Data excerpt:
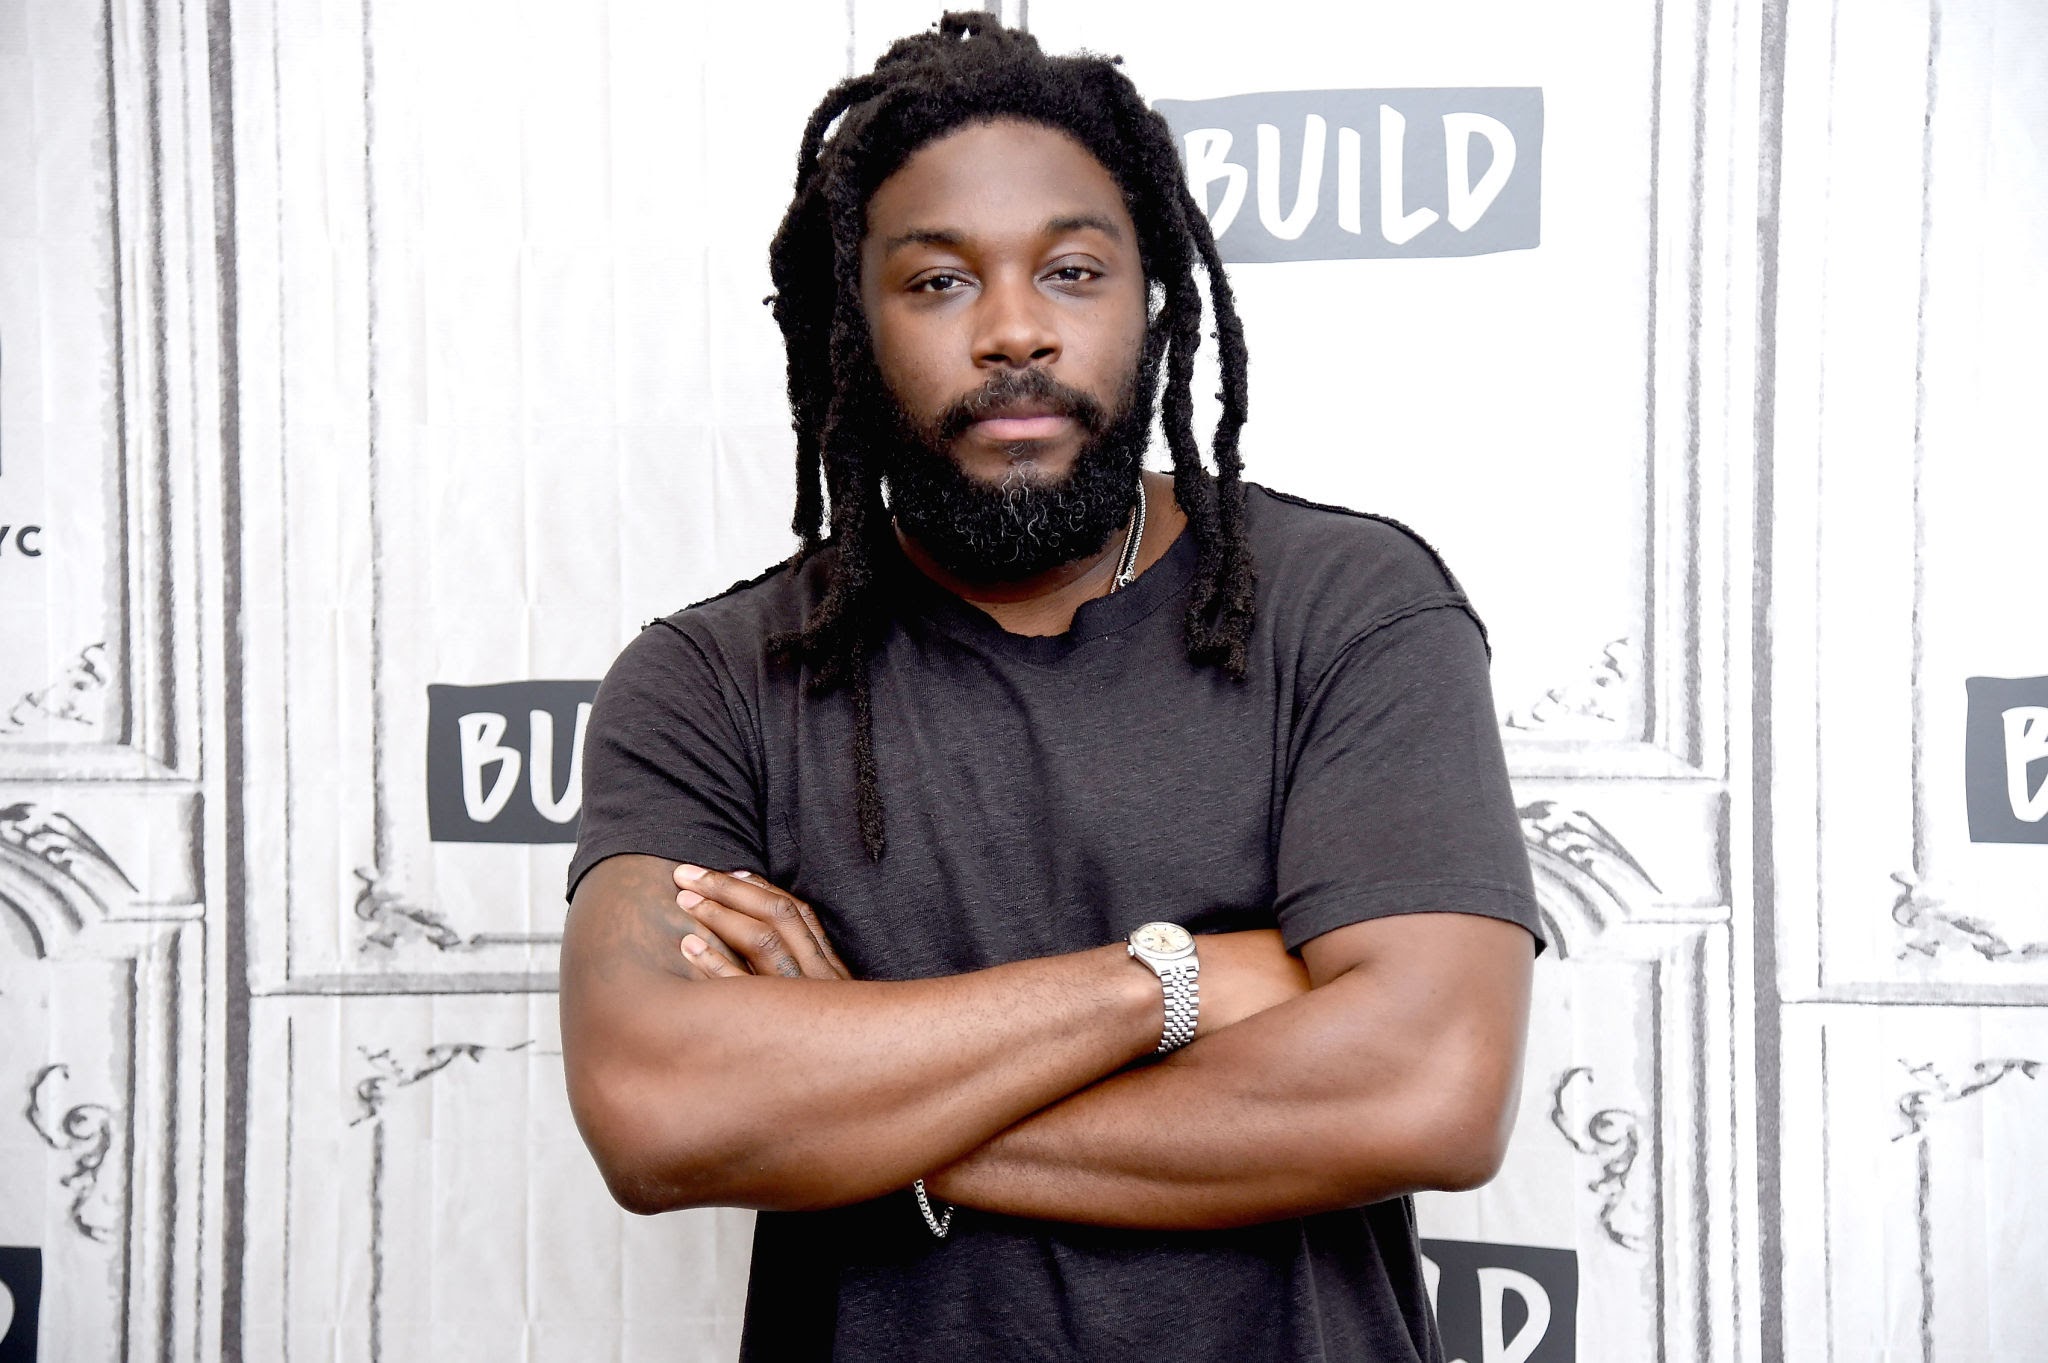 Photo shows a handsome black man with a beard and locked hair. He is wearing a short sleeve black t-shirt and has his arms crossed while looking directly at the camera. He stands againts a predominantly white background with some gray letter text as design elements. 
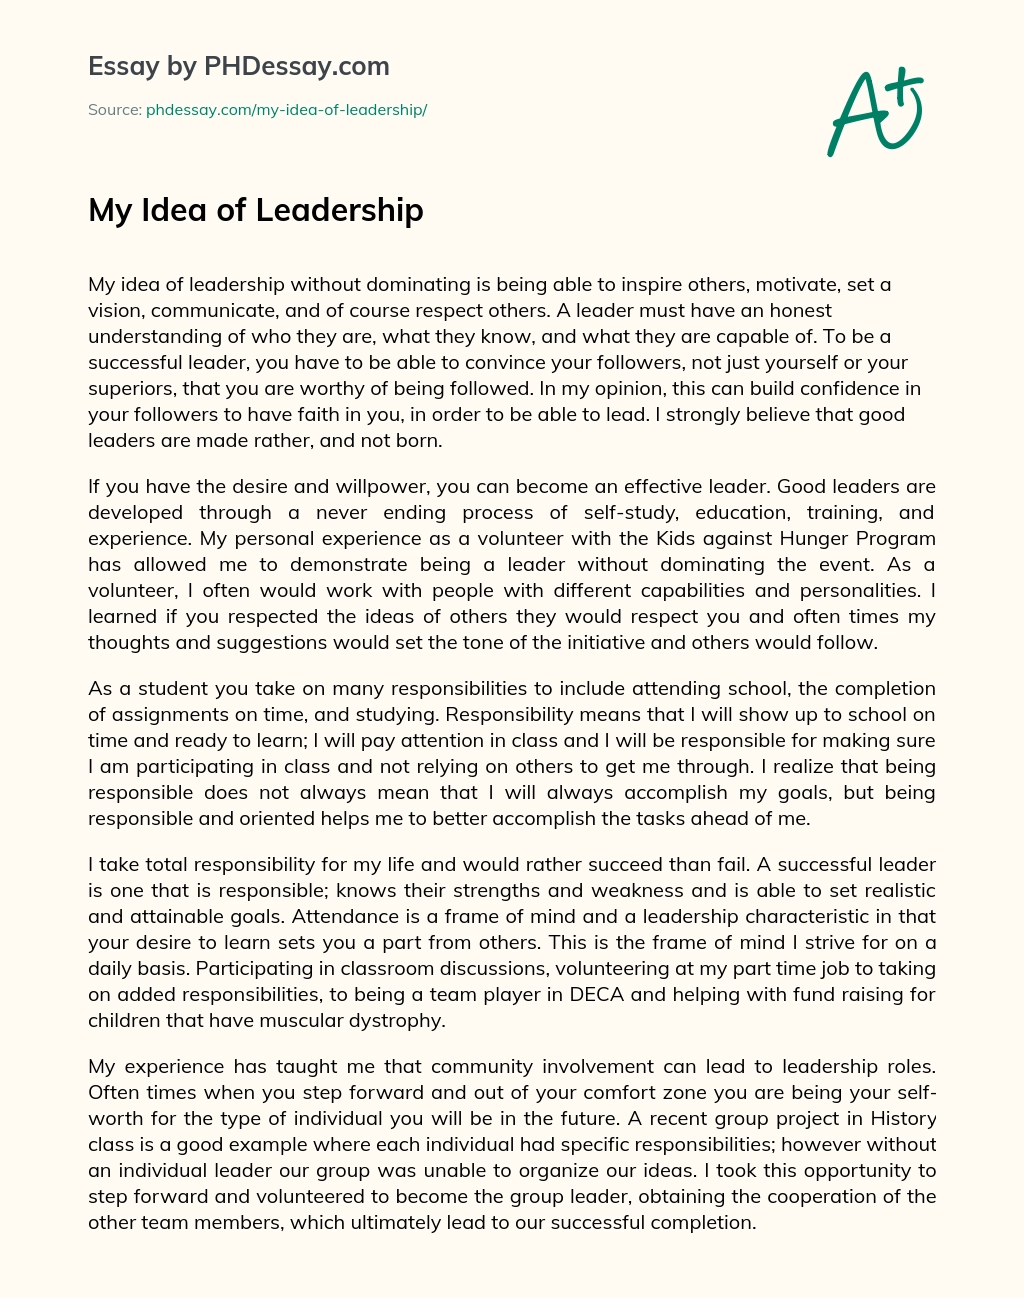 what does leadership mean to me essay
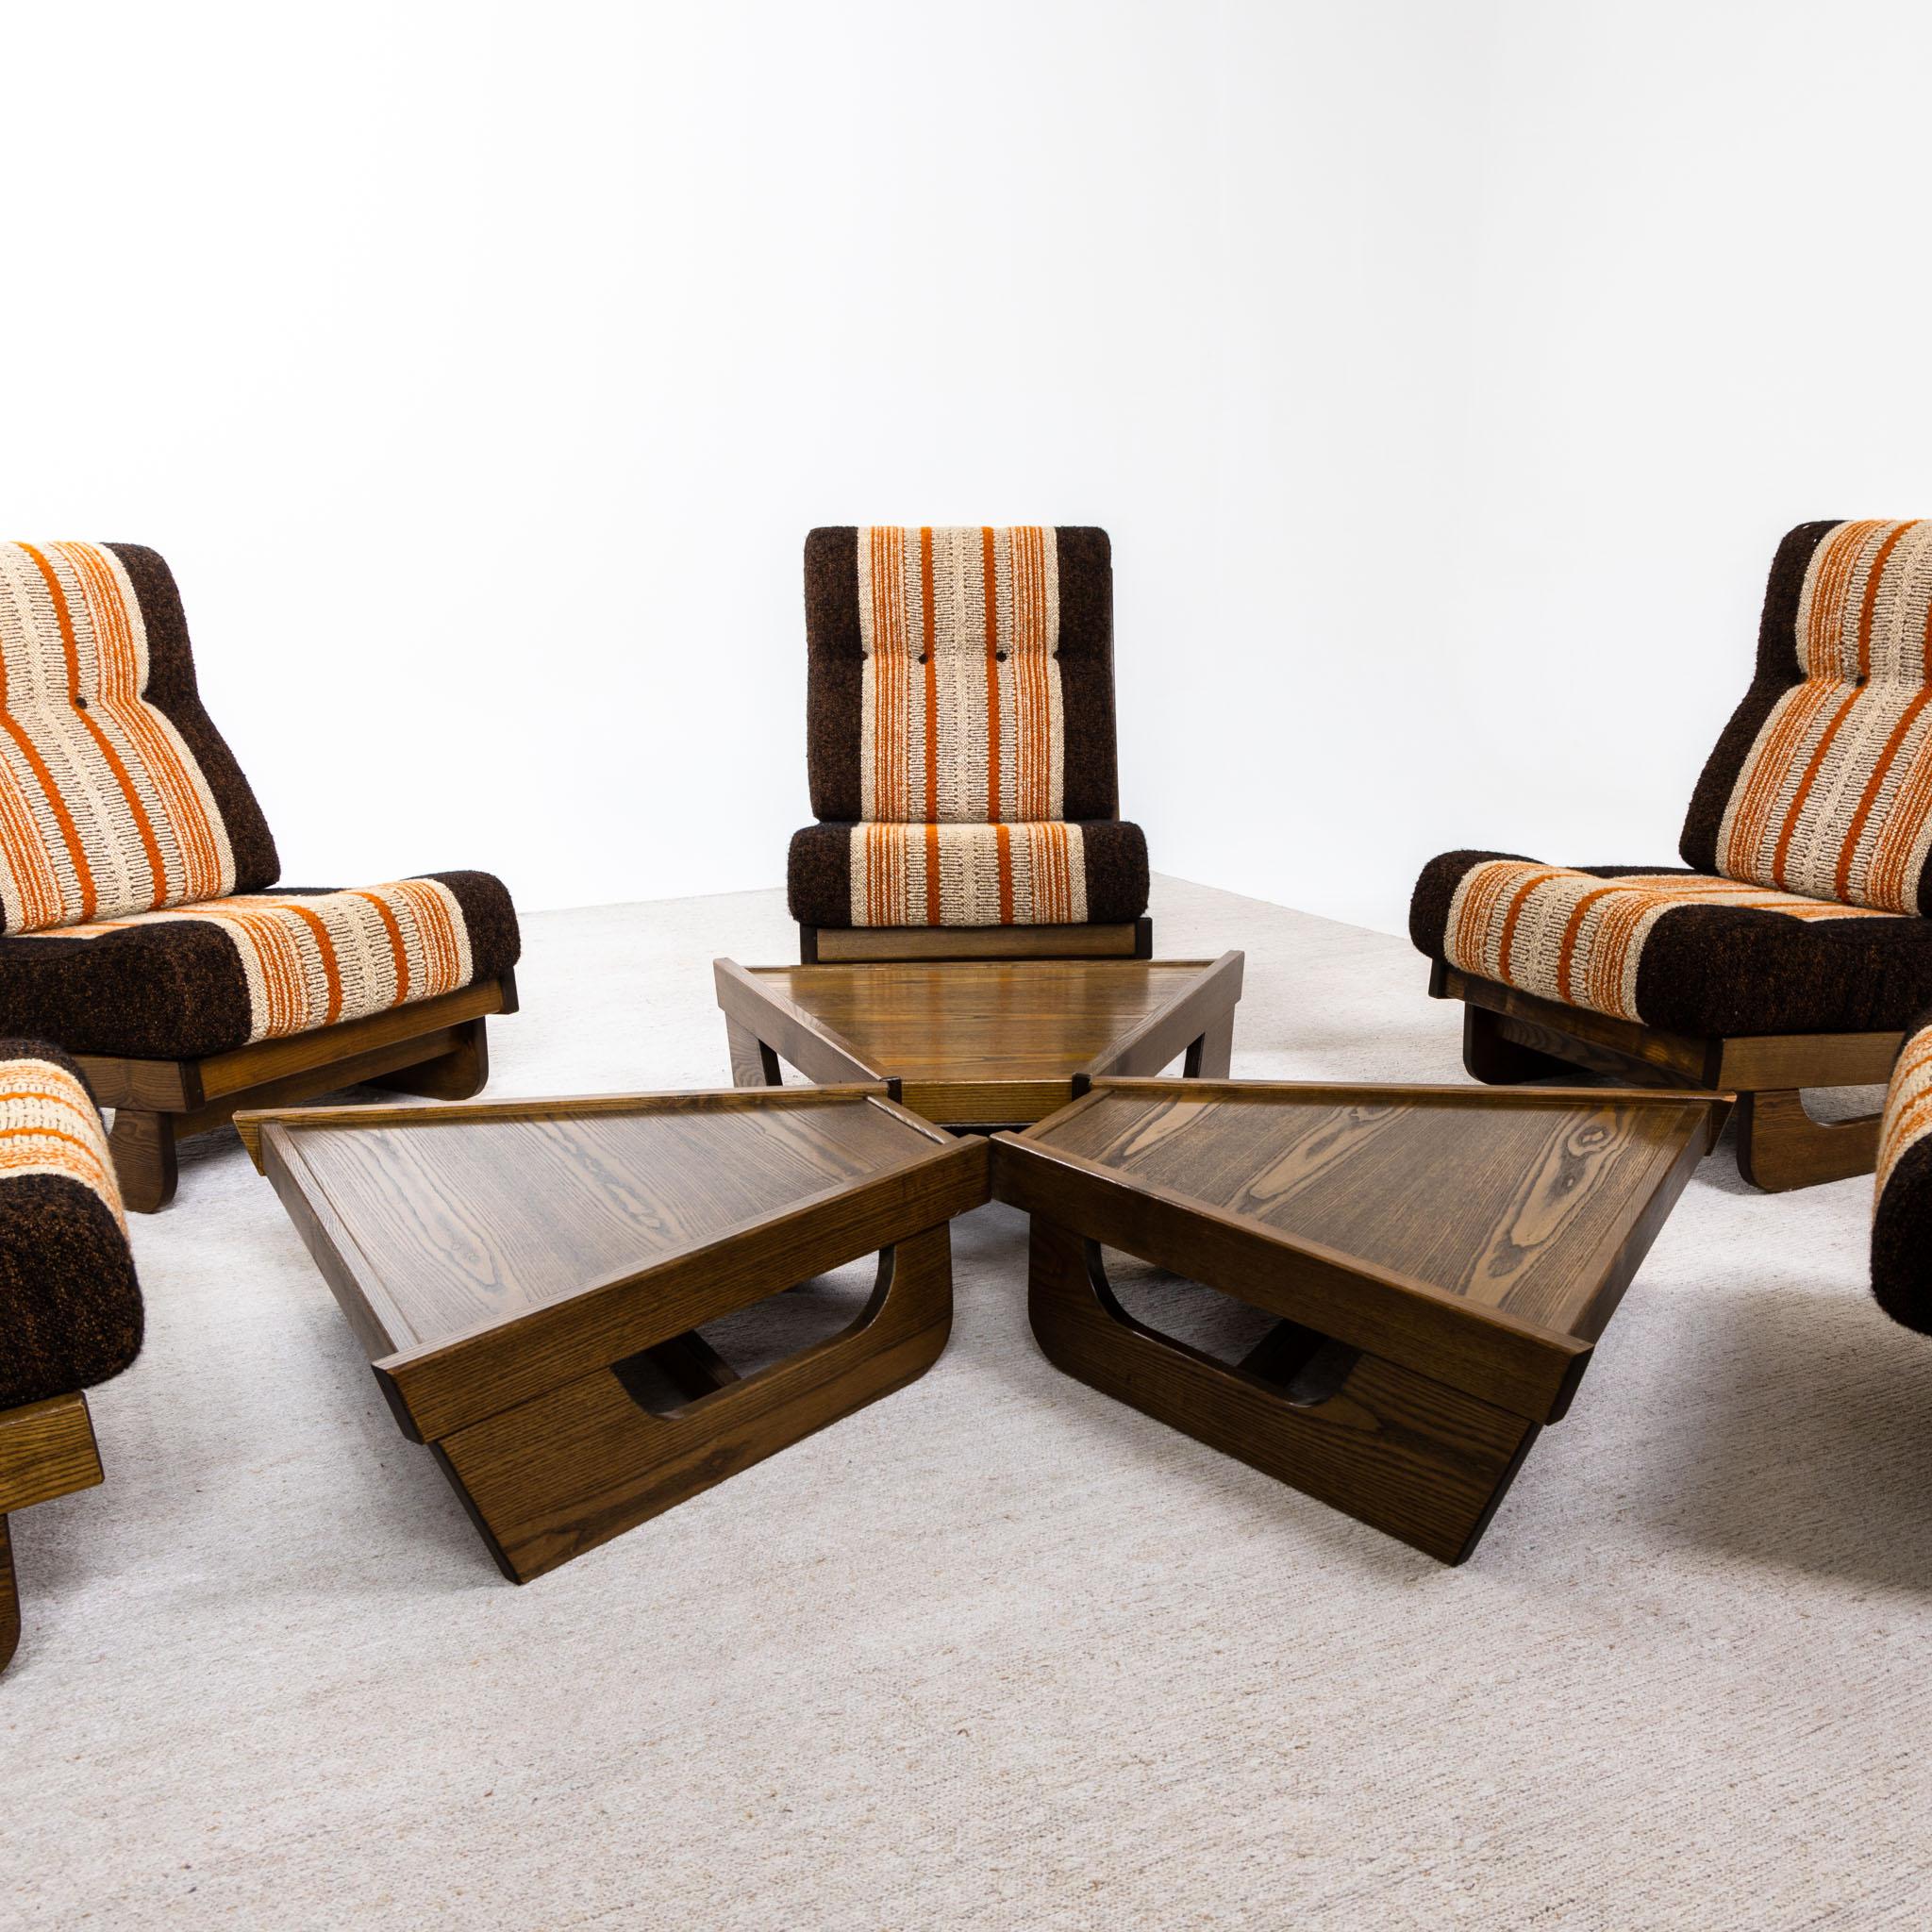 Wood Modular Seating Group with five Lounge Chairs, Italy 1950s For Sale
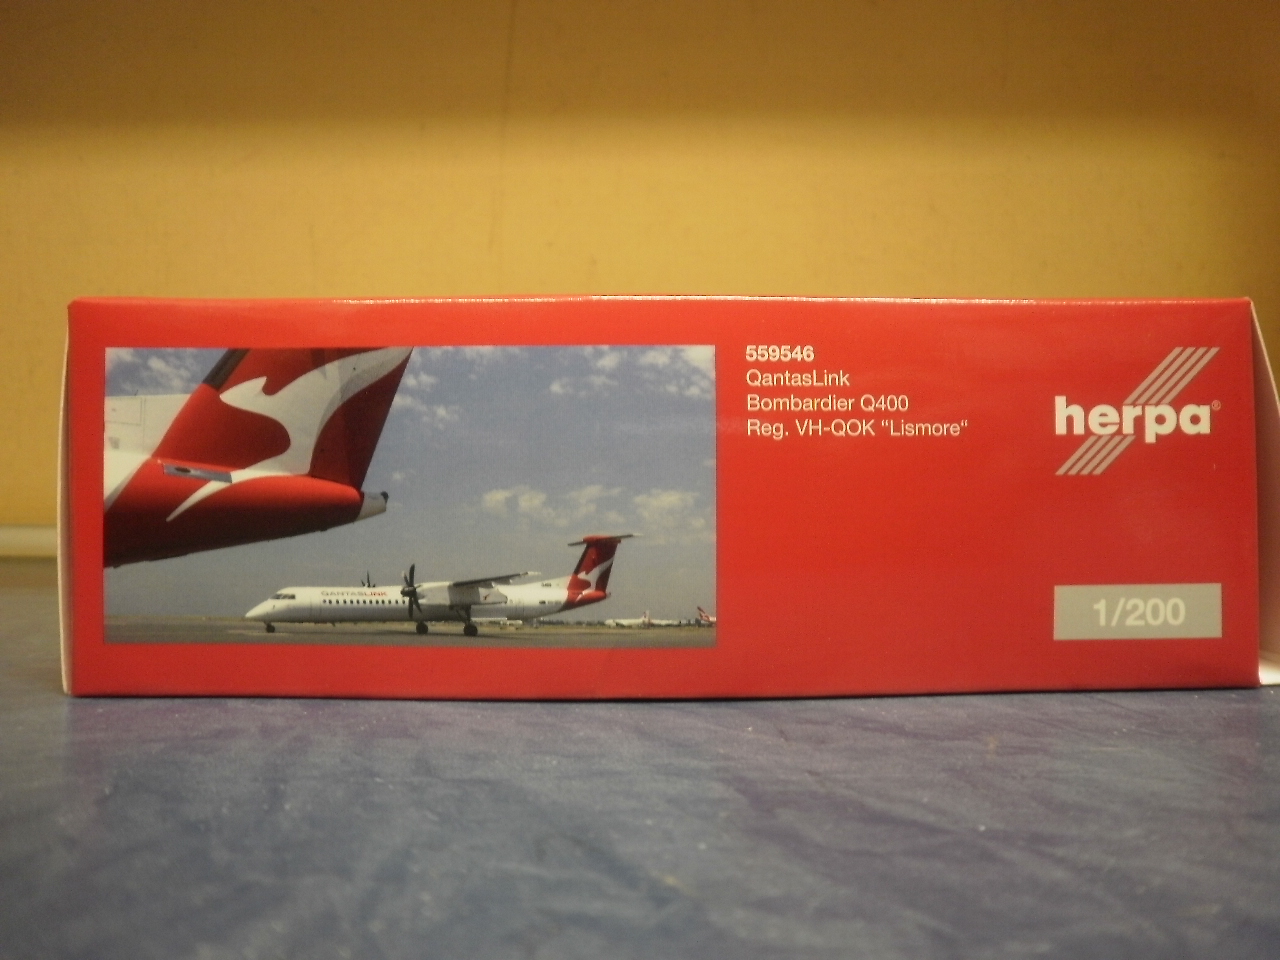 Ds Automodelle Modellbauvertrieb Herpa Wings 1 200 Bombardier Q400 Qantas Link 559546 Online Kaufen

Activity: Give the listing again word for word. Skip any pictures.

The completed task:
 Photo shows a handsome black man with a beard and locked hair. He is wearing a short sleeve black t-shirt and has his arms crossed while looking directly at the camera. He stands againts a predominantly white background with some gray letter text as design elements. 
 what does leadership mean to me essay
 Wood Modular Seating Group with five Lounge Chairs, Italy 1950s For Sale
 Ds Automodelle Modellbauvertrieb Herpa Wings 1 200 Bombardier Q400 Qantas Link 559546 Online Kaufen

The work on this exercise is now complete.